I was like, “Crystal, why are you crying?”

She said, “Dasha, that’s a horrible idea. Nobody wants to get their first vibrator with their mother. Nobody.” She said, “That’s terrible. She's going to figure it out. She's going to figure it out. Please don’t do this. This is an awful idea.”

“Crystal, I have to say the tears are compelling. I’m pretty set that this has to happen in some fashion, but you're crying, and I love you and I respect everything that you've... okay.”

So I put it on ice. I thought about it a bit more. And life tends to sneak up you. Well, that was in my spirit. So this wasn’t about finding a way to fall on this conversation. I've always been in this conversation with my girls. I mean they were at the Vagina Monologues at 10 and 11, 11 and 12. We have a breakfast that we famously call Hashtag Butt Sex. We talk. But I know I had information too and I wanted to make sure that information got embedded in them and they weren’t asking these questions.

So because it was in my spirit, the universe responded to that and I was prepared and not prepared when I got the phone call that one of my girls had shared pictures of herself with a boy she liked at school.

“Oh, you want to send pictures of yourself, huh?” And my lecture quickly became fussing. And then I heard myself yelling. I heard my voice screaming, felt myself crawling up her chest and it wasn’t okay. I wasn’t okay. I was terrified for her and I know that I was terrified for the little me that didn’t have someone screaming at me. I had plenty of people around who knew me and loved me but who would ever think the honor student was trying to figure her way through the world this way.

I was terrified because I knew, in yearning to be seen, how I was giving out pieces of myself that was the only currency that seemed to matter where I was and how many decades it has taken me to reclaim those pieces back. She deserved better than that and she deserved the best part of me.

So I dug in the only thing that I knew, the only thing that got me through those years, got me through those ideas of myself, and that was making shit.

So this buzz-mitzvah became a body of work. And the first thing that we did we watched the documentary about the influence of sexualized media on women and girls and how it’s not an accident, it’s not by happenstance and we’re all steeped in this water together. Then she had to write a poem on how that deliberateness made her feel.

Then we took a cardboard cutout with the grocery store and we did the outline of her body and she had this cardboard silhouette of herself. We interviewed five boys and five girls, men and women in her circle of family and friends about what they had advice for for when they were at that age. She took her favorite comments and we put graphic text so she had this hanging at her wall.

Our favorite was, “Boys are dumb and girls are silly.” Still true.

There was a video of watching the actual live birth and then making a comic strip of a sperm and an egg. There's a claymation exercise which was a chance to study STDs. There's an abstract oil painting and water colors of how you would characterize your best traits and your personality. This is a body of work.

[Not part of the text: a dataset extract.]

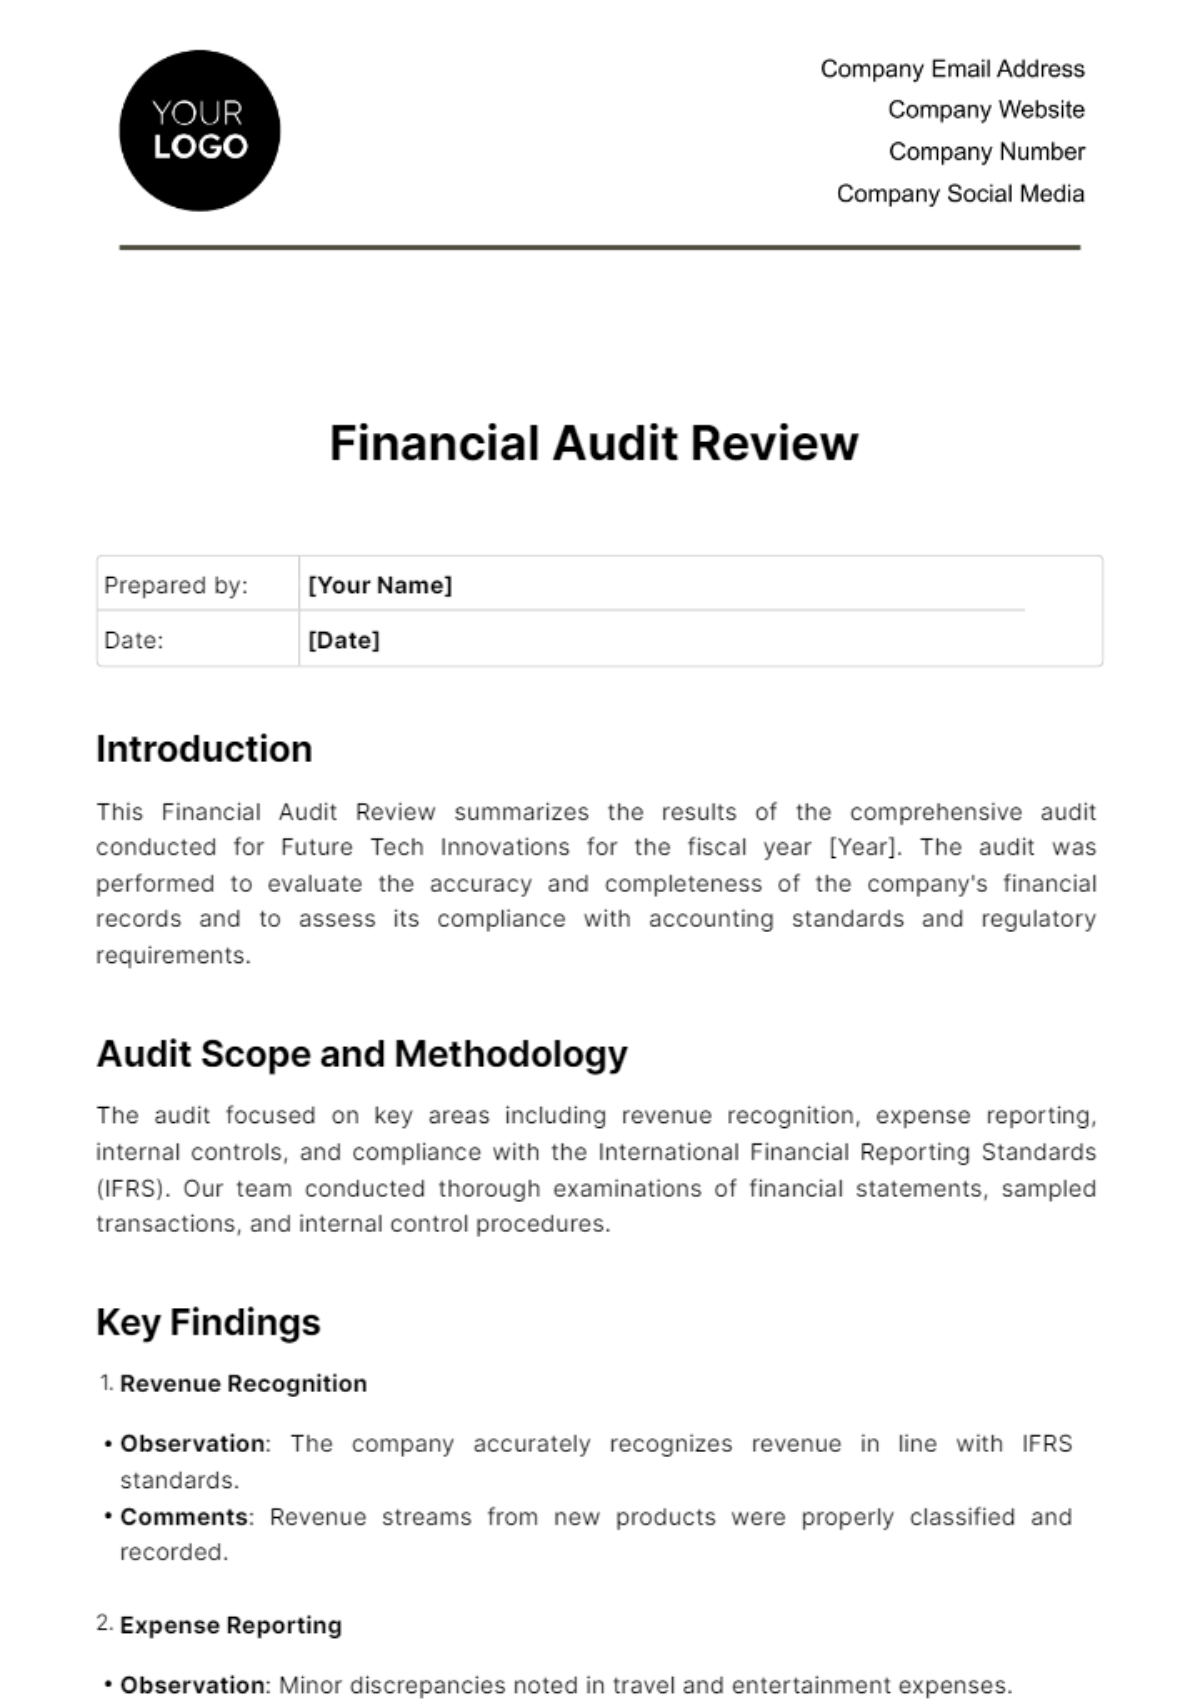 Free Financial Audit Review Template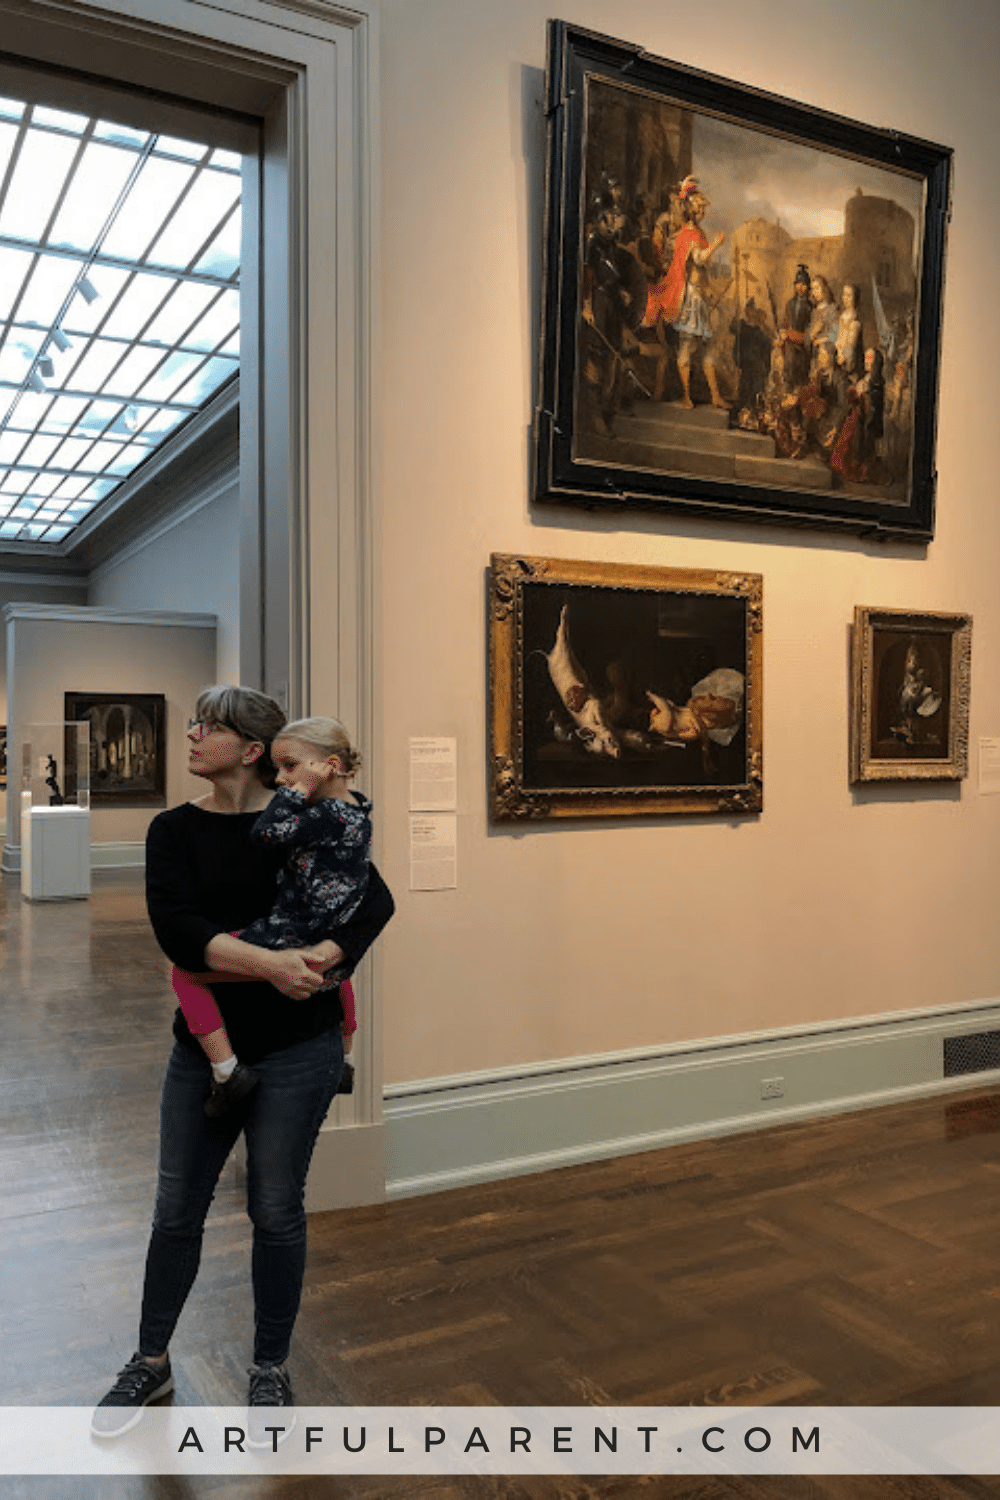 How to Visit an Art Museum with Kids

And I've been thinking a lot about that being my next show, thinking a lot about how to actually translate that into an experience for other mothers and daughters and caregivers and how to bridge the conversation of past and future and now, because as woman and girls and biology is past and future and now. The lessons are familiar but they're always changing.

And as for my niece, and she gave me permission to share this story, she's a high school graduate. She's working in our family business. She's very clear and secure about who she's going to be and, like all of us, working through who she used to be.

And for me, I’m grateful to be a part of a narrative where she's going to have plenty of stories to tell, plenty of house parties she's going to be at. And I’m hopeful and prayerful that everyone of her stories that she chooses to tell, they're all going to be delicious. Thank you.